Immutable infrastructure is, in my mind, a different pattern to Configuration Management. While they can be used together, they approach problems by nature in two different ways.

The concept of Immutable Artifacts has a long history, Unix systems have been using them for decades to deploy software packages. But once they were deployed the configuration files were changed so things became mutable. Idempotency provides some nice guarantees with mutable files, we can know when things have changed and only update things that need updating. However it doesn't solve all the problems of mutable objects, we still need to cater a seemingly infinite number of edge cases. Because things are mutable and we are being idempotent we need to establish first what changes need to be made, then execute them generally in a very specific order. When deploying software packages, particularly with zero down time deployments, we need to carefully orchestrate changes to prevent any requests being dropped.

This complexity can ultimately be avoided by deploying immutable artifacts instead of mutating them in place, because we simply replace some object with another (whether it be a binary, or a container or a Virtual Machine), bring it into service and retire the old one. This is just one example of a zero down time deployment.
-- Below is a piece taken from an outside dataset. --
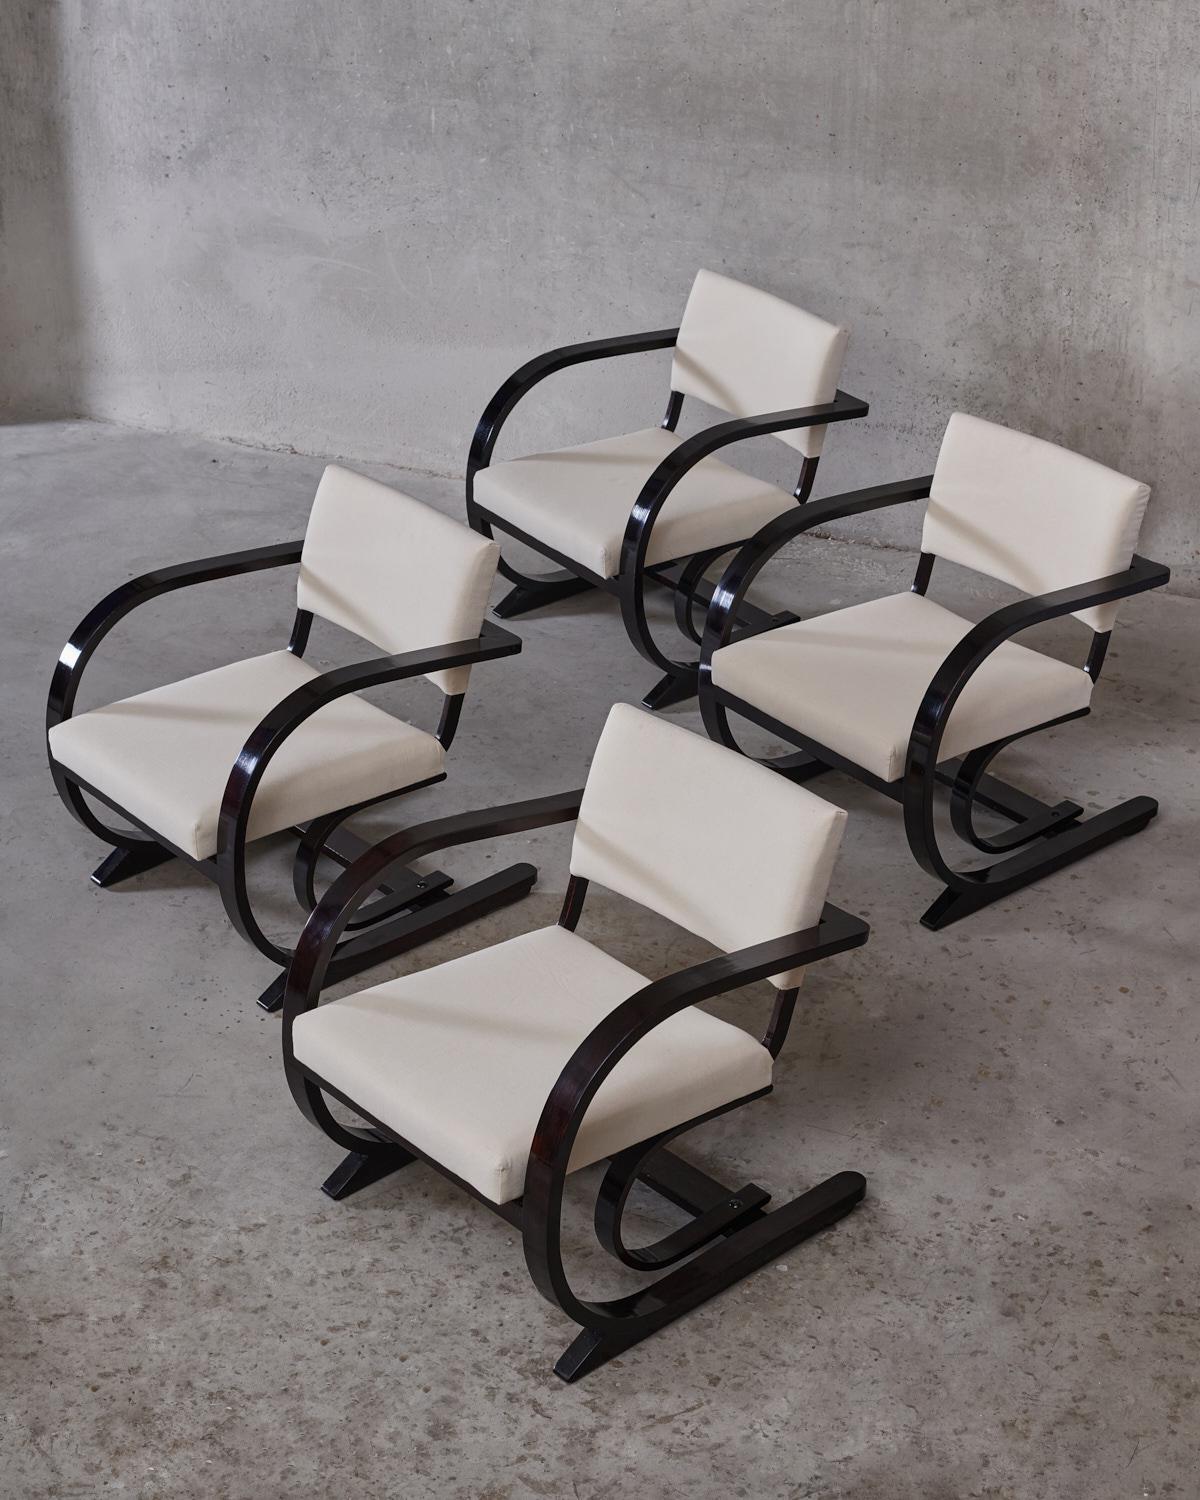 Bas Van Pelt, un ensemble de quatre fauteuils Art Déco / début du milieu du siècle, structure en chêne teinté en bois de rose avec une nouvelle tapisserie, fabriqués aux Pays-Bas vers 1940.
Ce fauteuil a été conçu par Bas Van Pelt et fabriqué aux

With advancements in tooling to allow us to deploy immutable artifacts to thousands of systems in a very small amount of time we are seeing using immutable tools to manage systems as a lot more feasible than configuration management. However the tooling is not there yet and there is still a use case for both. I did a talk on this subject which explains the linear progression from fully mutable to fully immutable, it's a spectrum and each company will chose where best fits for them.